Nuenen's many home weavers in the 1980s quickly captured Vincent's interest. His fascination is easily fed: as many as one-third of the male inhabitants are weavers by profession. Women help with spinning or yarn winding. 'My head is not in the direction of writing and I have little time for it because when I am not at Moe's I am near here with a weaver, of whom I have 2 painted studies in hand,' he wrote to Theo in January 1884.
The weavers in Nuenen perform their work at home; the loom is in the house or in a barn on a loam floor. The small spaces get in Vincent's way: 'These looms are difficult to draw because in the small rooms one cannot take his distance to 'draw the loom [...] However, I have found a room here where there are two looms & where it can be done'. The weavers lead a barren existence. In the first half of 1884 Vincent devoted some thirty paintings and drawings to the artisans. Their tools also form a motif: 'I am also painting a loom - of old greenish-brown oak - in which the year 1730 is carved. Near that loom, at a little window through which one can see a green field, stands a high chair, and the little child sits in it for hours watching the to and fro of the weaver's bobbin. Although he depicts the interior spaces mostly without details, in a few works they receive more attention. The dwellings are mostly difficult to identify.
Vincent is in contact with several weavers who model for him, including Toon Swinkels, Peter Smulders and Pieter Dekkers.

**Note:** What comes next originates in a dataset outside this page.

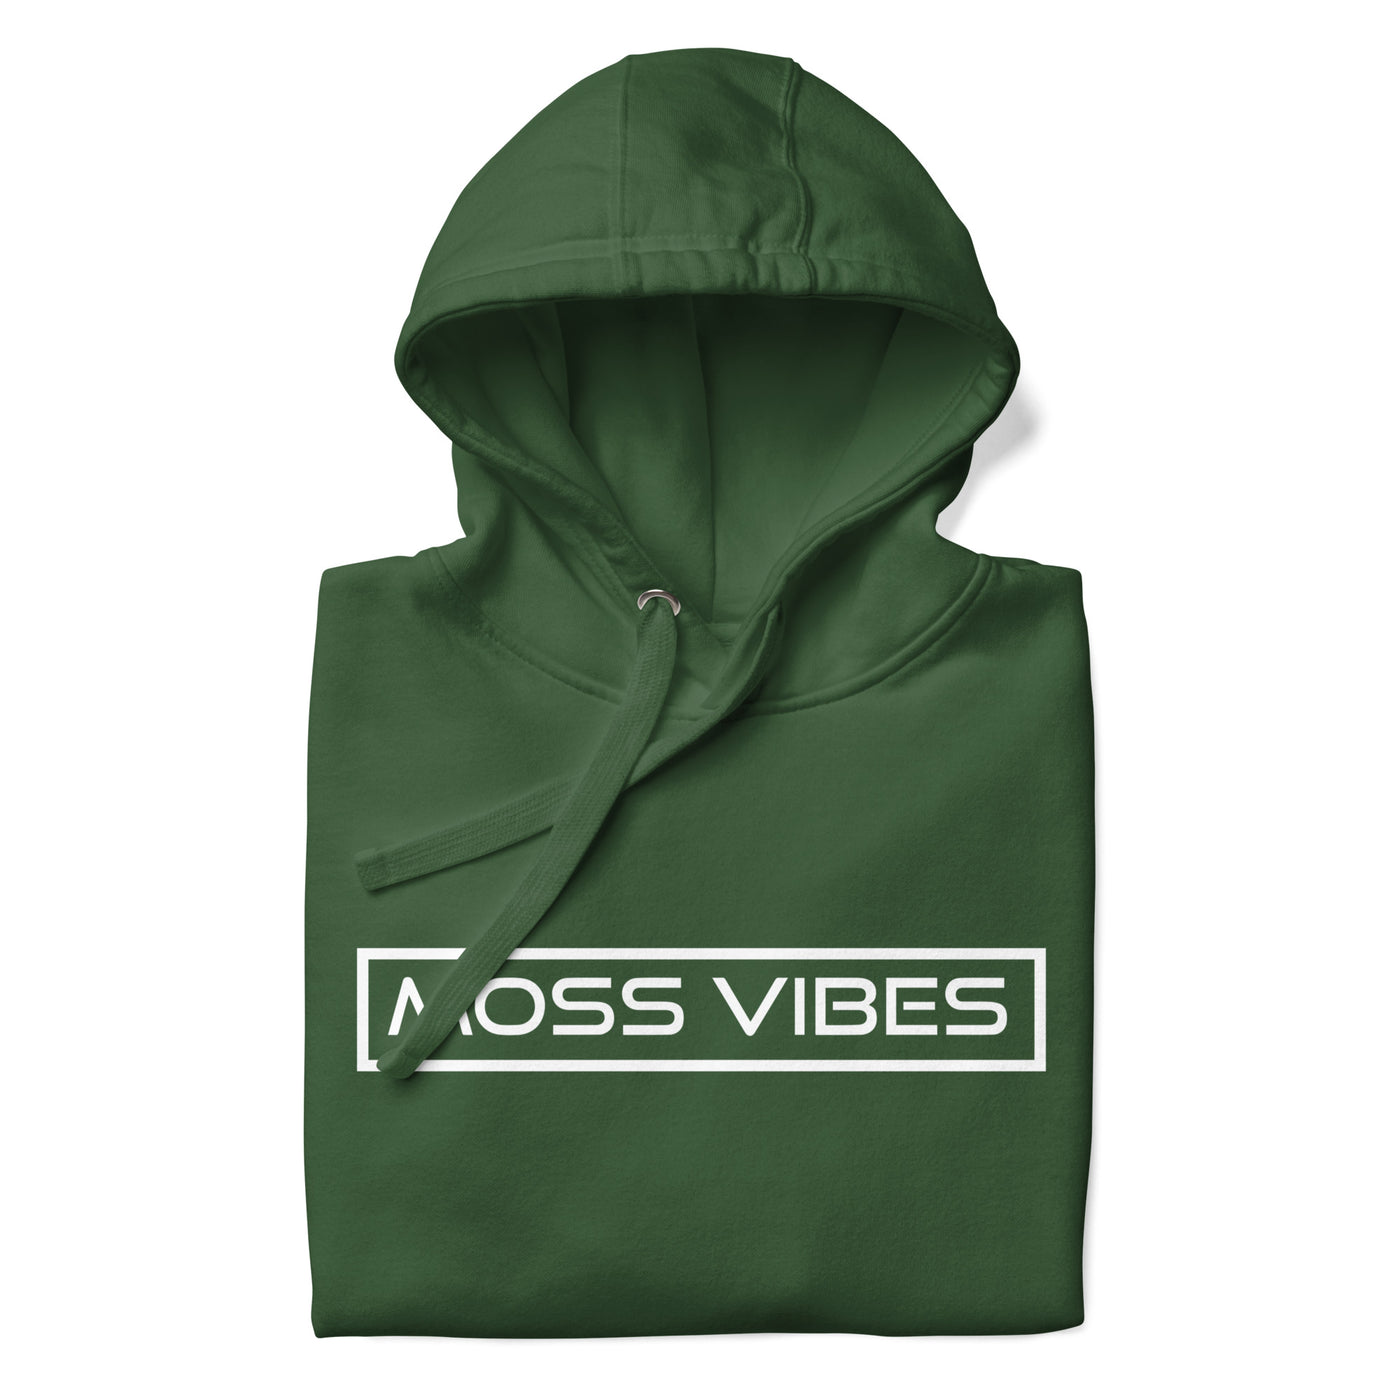 Moss Vibes White Logo Hoodie Forest

Swinkels lives in a dilapidated house on the Berg, and Vincent is said to have spent three months painting in his father's weaving shop. Dekkers, whose son Driek collected bird's nests for Vincent, lived just outside the village at De Rijt 2; both houses were demolished over time.

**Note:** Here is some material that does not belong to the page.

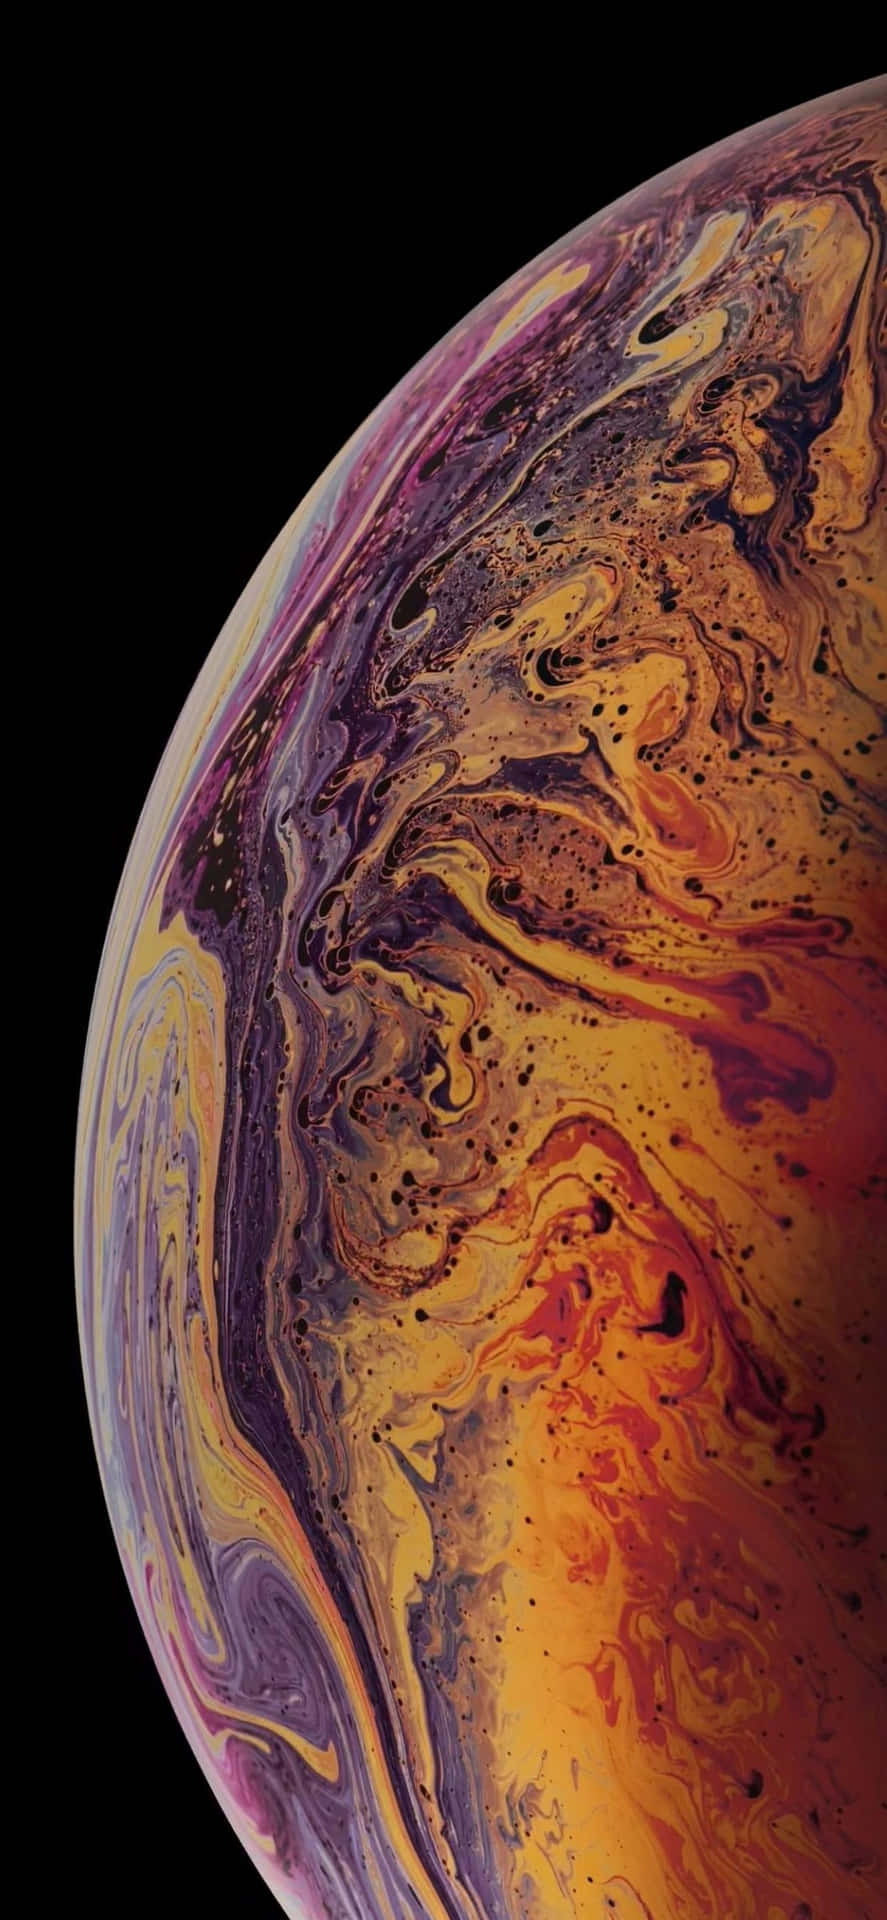 Download Stellar Universe On Iphone Xs Max Screen | Wallpapers.com

Of Nuenen's numerous weaver houses, only a few have survived. One is located in the center on the present Berg, a stone's throw from the rectory. Although unsupportable by evidence, it is plausible that Vincent knew the cottage not only from the outside, but also from the inside. The property is believed to have been built in 1763 as a weaver's house. After several owners, weaver Willem van der Burg buys the house in 1869, after which it remains in family ownership for a century. Willem's daughter is sexton of the reformed congregation and lives there until 1967.
After a renovation in 2017, it serves as an overnight shelter under the name "The Sexton's Cottage. This building can serve as pars pro toto for the many weaver's houses Vincent visits.